Boundary Conditions for infinite grounded cylinder (Laplace Equation)

[mccragre]

Homework Statement

Find the potential outside of a long grounded conducting cylindrical rod of radius
R placed perpendicular to a uniform electric field E0.

Homework Equations

V(s,$$\phi$$) = $$a_{0}$$+$$b_0{}$$ln(s) + $$\sum$$($$A_n{}$$cos(n$$\phi$$)+$$B_n{}$$sin(n$$\phi$$))*($$C_n{}$$$$s^n{}$$+$$D_n{}$$$$s^{-n}$$)

The sum being from n=1 to infinity

The problem is independent of Z (on which the axis of rod lies)

The Attempt at a Solution

I know how to solve these types of problems, but I need the boundary conditions first so that I can begin solving for the coefficients. I know that the inner boundary condition is V(R,$$\phi$$)=0 (since it is grounded), but I'm stuck on other boundary conditions. I also know that the potential on the entire inside is zero. But I don't think the boundary condition V(0,$$\phi$$) is relevant in this case since we are talking about the outside potential.

I also know we can't set potential at infinity equal to zero since it was defined as a "long rod".

I'm also a little confused on what effect the E field has on the boundary conditions. I know that the charge will rearrange on the cylinder so that it creates an opposing E field on the inside to cancel out the external E field.
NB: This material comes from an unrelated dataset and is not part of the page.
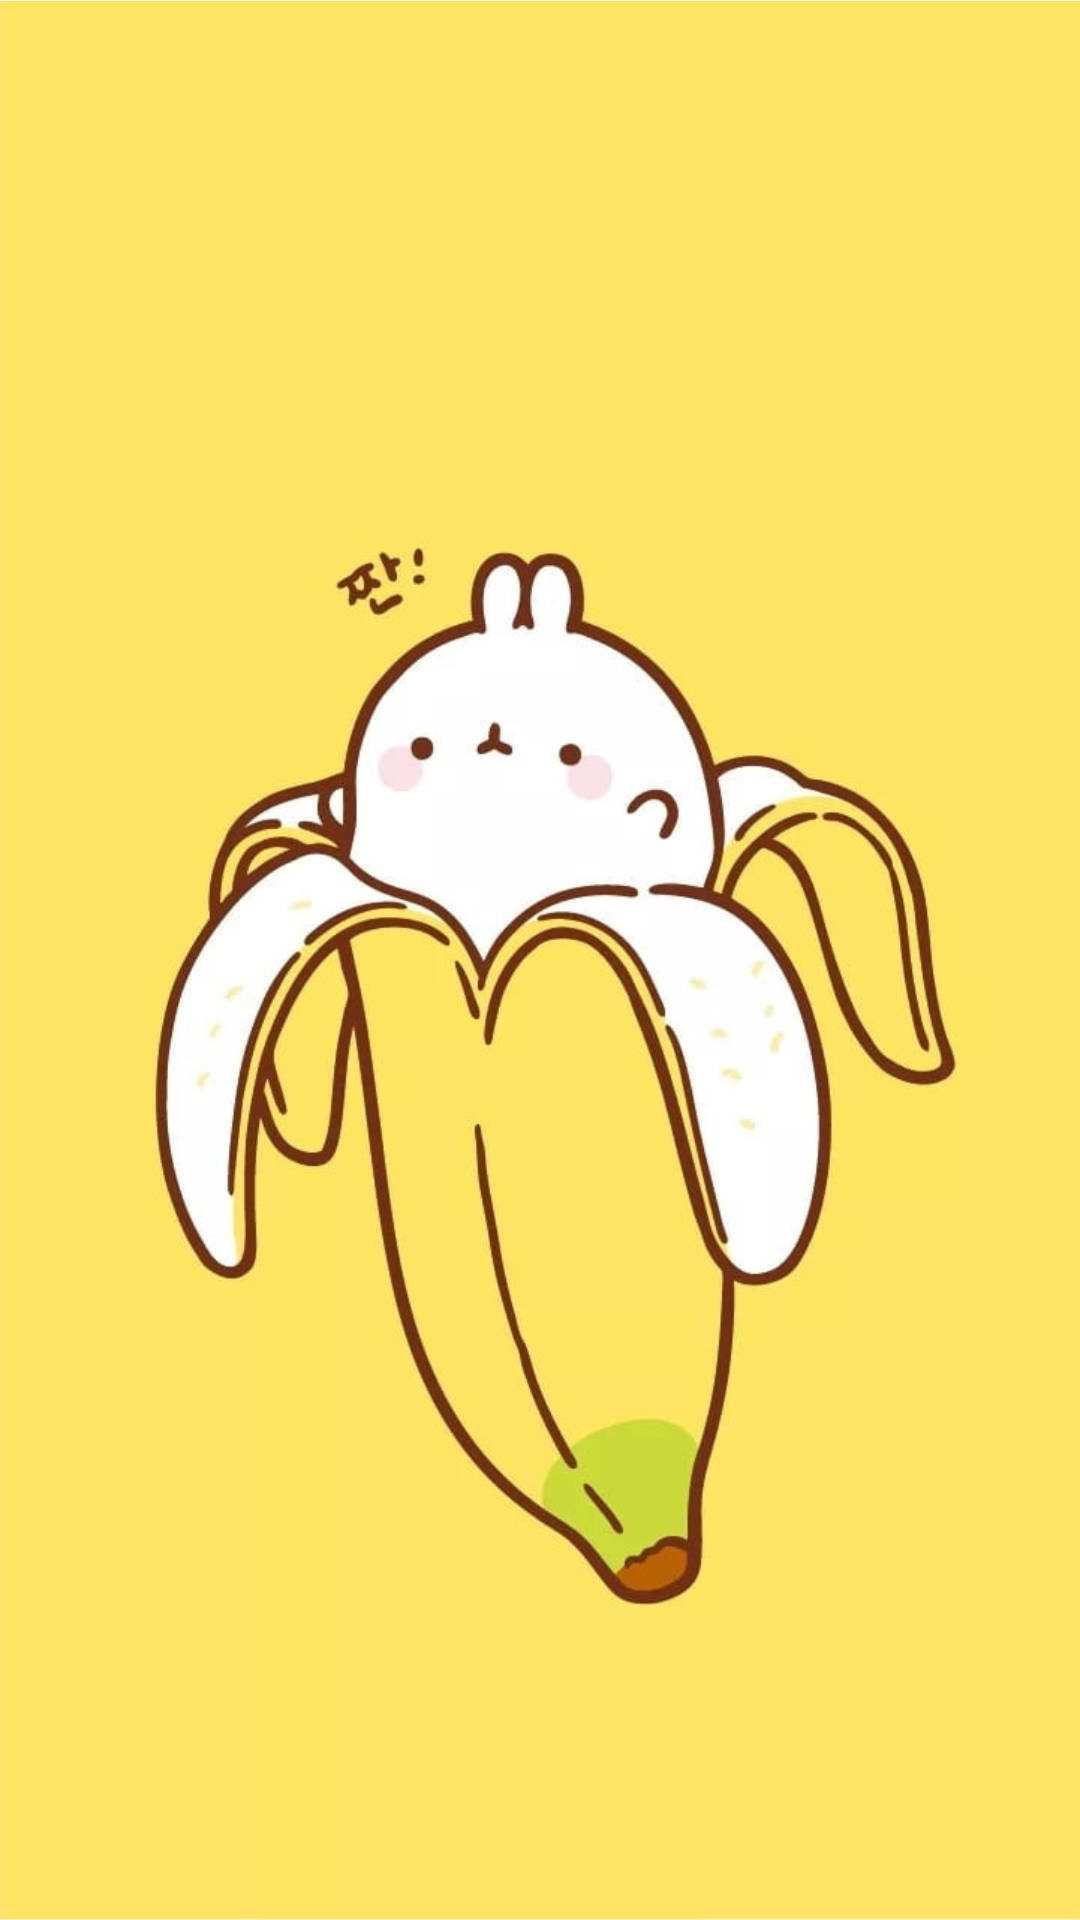 Peel – Sød kanin inde i en bananskal Wallpaper

Any hints on what other boundary conditions there are would be much appreciated!

 

[gabbagabbahey]

You can't say that $V$ is zero at infinity, but certainly it must be finite everywhere, including at $s\to\infty$. What does that tell you about the coefficients $b_0$ and $C_n$?

What would you expect the net charge on the conducting cylinder to be? What does that tell you the highest order non-zero multipole moment due only to the cylinder (and the charge density induced on it) would be? Would you expect the potential due to the cylinder to be small or large compared to the potential due to just the uniform external field? What does that tell you about the total potential for $s\gg R$?Note: You may as well choose your coordinate axes so that the external field points along the positive z-axis

 

[mccragre]

Well this would mean that $$C_n{}$$ and $$B_n{}$$ would have to be zero if at infinity the potential can only be finite. That certainly makes solving for $$A_n{}$$ and $$B_n{}$$ easier since $$D_n{}$$ can just collapse into them. For those two the boundary condition at V(R,phi)=0 would probably suffice.
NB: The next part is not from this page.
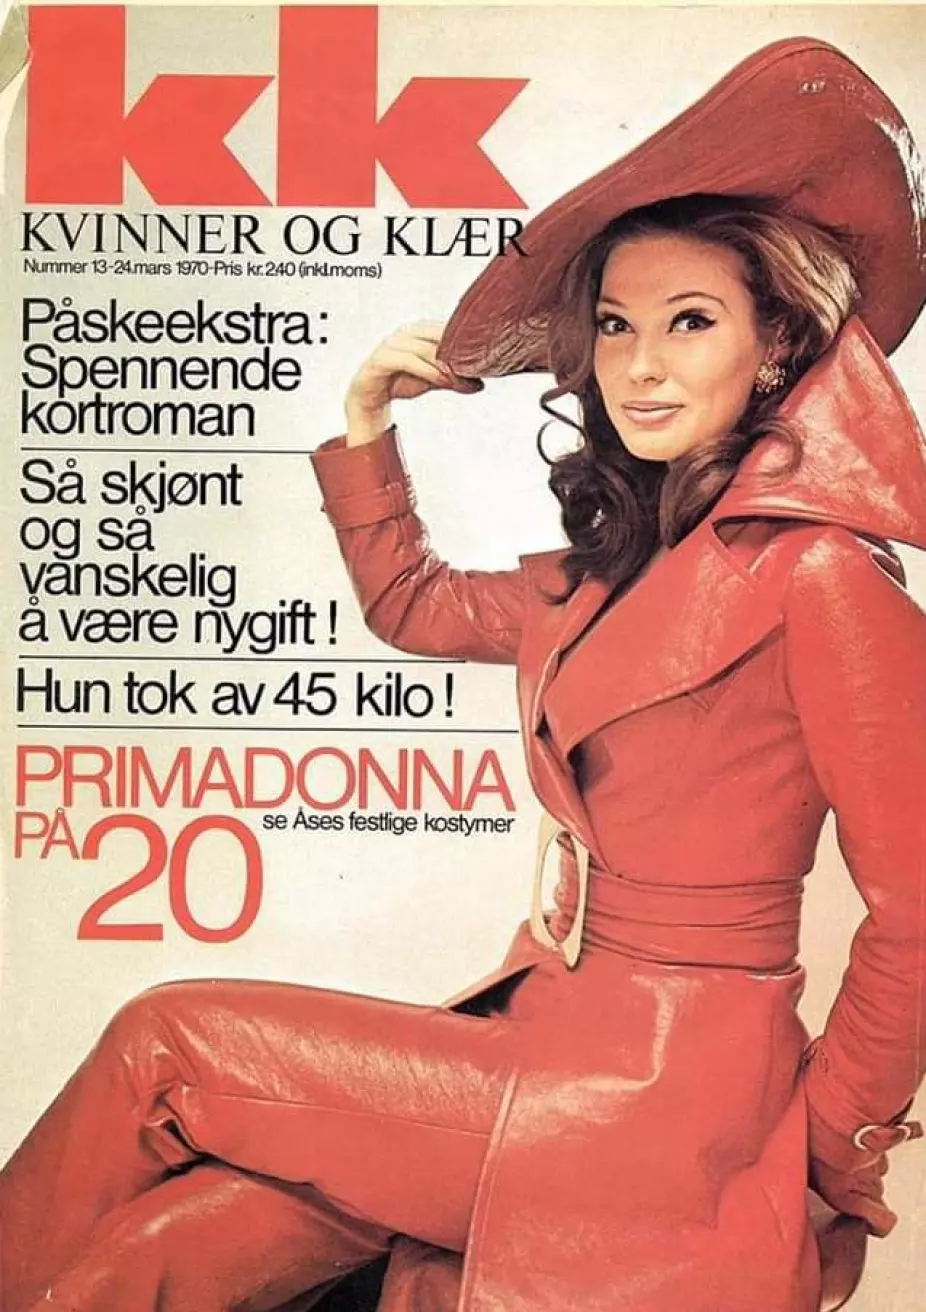 MOTEIKON: Åse Kleveland kjøpte motebilen Saab Sonett i 1968 og var et naturlig valg for magasiner når det var snakk om å vise trender. Kleveland hadde imidlertid andre planer og ble til slutt en av Norges mest markante kulturministre.

As for the multipole terms I know there will have to be a dipole term since the positive charge and negative charge will separate to two sides of the cylinder (since external E is orthogonal top and bottom). I'm unsure of the highest order multipole term though. I would expect the potential due to the cylinder to be smaller compared to the one created by the uniform field. So I guess the total potential for s>>R would be approximately just due to the uniform field.

 

[gabbagabbahey]

As for the multipole terms I know there will have to be a dipole term since the positive charge and negative charge will separate to two sides of the cylinder (since external E is orthogonal top and bottom). I'm unsure of the highest order multipole term though.

By highest order, I mean highest order in $r$ (the distance from the center of the cylinder/origin)...since the monopole moment must be zero, that would be the dipole term which falls off as $r^{-2}$.

I would expect the potential due to the cylinder to be smaller compared to the one created by the uniform field. So I guess the total potential for s>>R would be approximately just due to the uniform field.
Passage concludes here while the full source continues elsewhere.